Scientists Make a Sweet Discovery on a West African Cocoa Farm

Molting Wood Warblers studied on farmland in Cameroon suggest cocoa operations can provide great bird habitat if nearby trees are left standing.
A molting Wood Warbler is posed with its wing outstretched during bird banding on a cocoa farm in Cameroon. Crinan Jarrett

In 2019, scientist Crinan Jarrett was working a mistnet on a cocoa farm in Cameroon when she let out an excited yell. Her African colleagues working nearby rushed over to see what the fuss was about—and they were both amused and confused. The bird in the net didn’t look particularly spectacular to them. It was a Wood Warbler, a common migratory songbird that breeds in Europe and Asia and winters in Central and West Africa. “Why is it such a big deal, Crinan? It’s just a little green bird, ” she recalls them saying.

Jarrett wasn’t just excited by the species, but also by its feathers. It had brand new feathers growing alongside the old ones—a sign the bird was molting nearby. The minute observation points to a larger finding about the ability of songbirds to find productive habitat on cocoa farms in western Africa.

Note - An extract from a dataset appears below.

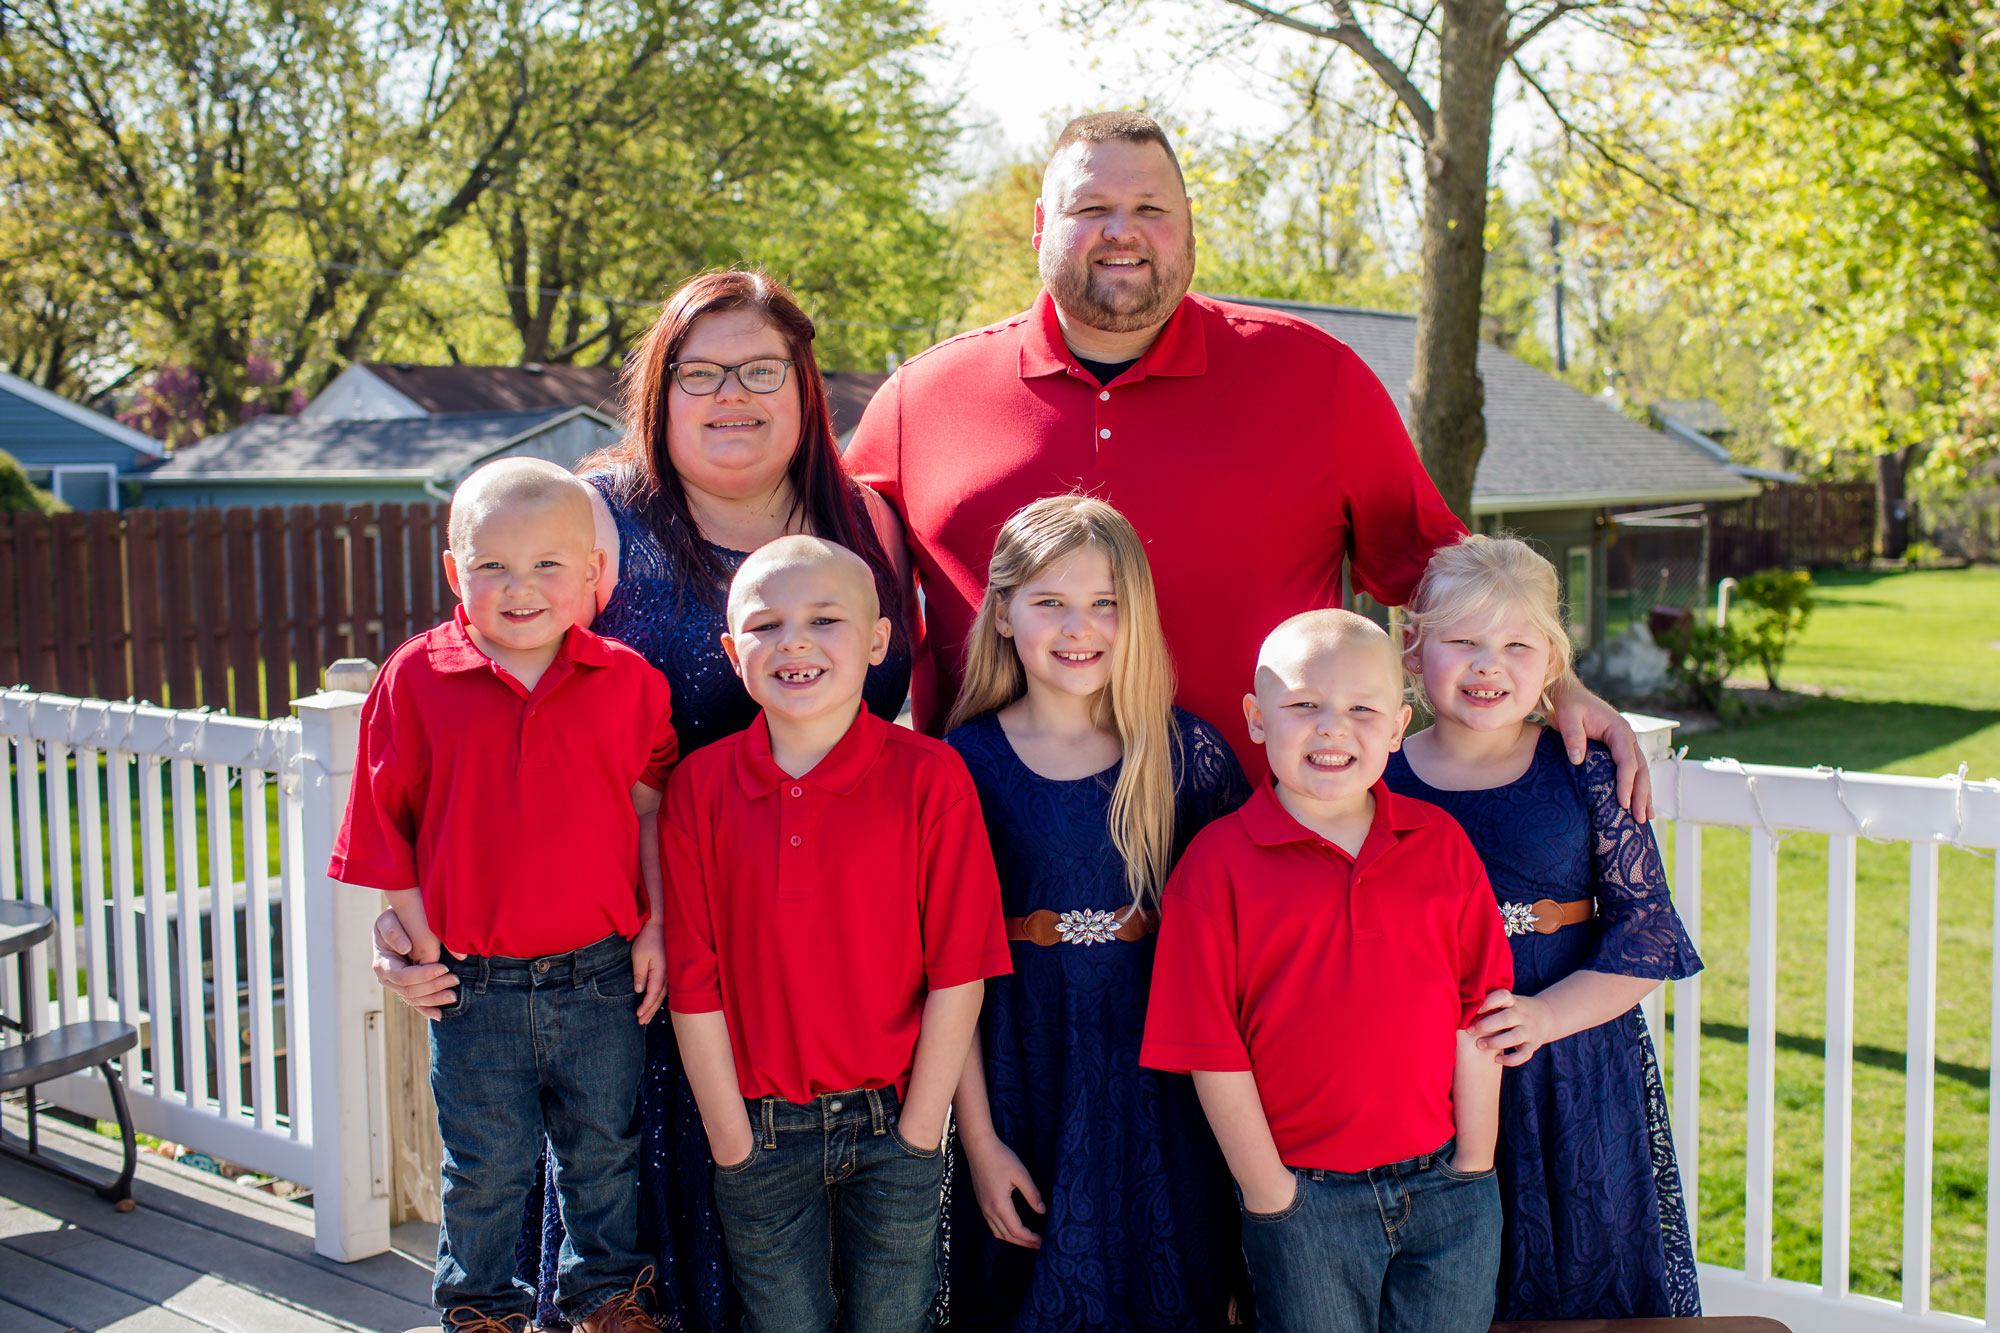 A photo of the whole Vanderberg family: Josh, Becca, and the 5 kids.

The mist-netting survey was originally intended to study how cocoa farming affects biodiversity, especially birds like the Wood Warbler whose populations have steadily declined over the last three decades. Experts believe that they may be affected by land use change in Africa, particularly conversion of forests into farmlands, since studies have found that Wood Warblers prefer areas with many tall trees. But thanks to the accidental mist-netted bird, the team has also published a new study establishing that the birds molt successfully in cocoa farms at their wintering grounds in Cameroon—suggesting that cocoa farms can be supportive bird habitat when nearby forests are preserved.

Molting, the process of replacing old and worn feathers with fresh ones, requires energy. It takes a lot of protein to grow new feathers, which means a molting bird needs a lot of food. Due to this, birds are adapted to go through the molt at times and places where they have easy access to food, water, and shelter.

Ideally, birds would find these resources in their natural habitat. But due to the growing global demand for products like chocolate, agriculture is a major driver of deforestation. Cocoa agriculture in particular has contributed to the loss of up to 80 percent rainforest cover in Africa. Because so much bird habitat has been and continues to be lost to farming, it is important to use these farms in a way that they still enable birds to survive and thrive.

The understory is cleared on a Cameroon cocoa farm about twice a year so workers can access the cocoa trees during harvest and to keep pests under control. Crinan Jarrett

Led by Jarrett, a PhD student at University of Glasgow, a research team examined the flight feathers of 12 Wood Warblers living on cocoa farms in Cameroon over a period of two winters by catching them with mist nets in different farms. Some of the farms were less intensely managed, with more tall trees growing on the property, and others had more intense management and fewer trees. Jarrett found that the birds weren’t picky, but were using all the farms and managing to find enough resources to grow new feathers in them.  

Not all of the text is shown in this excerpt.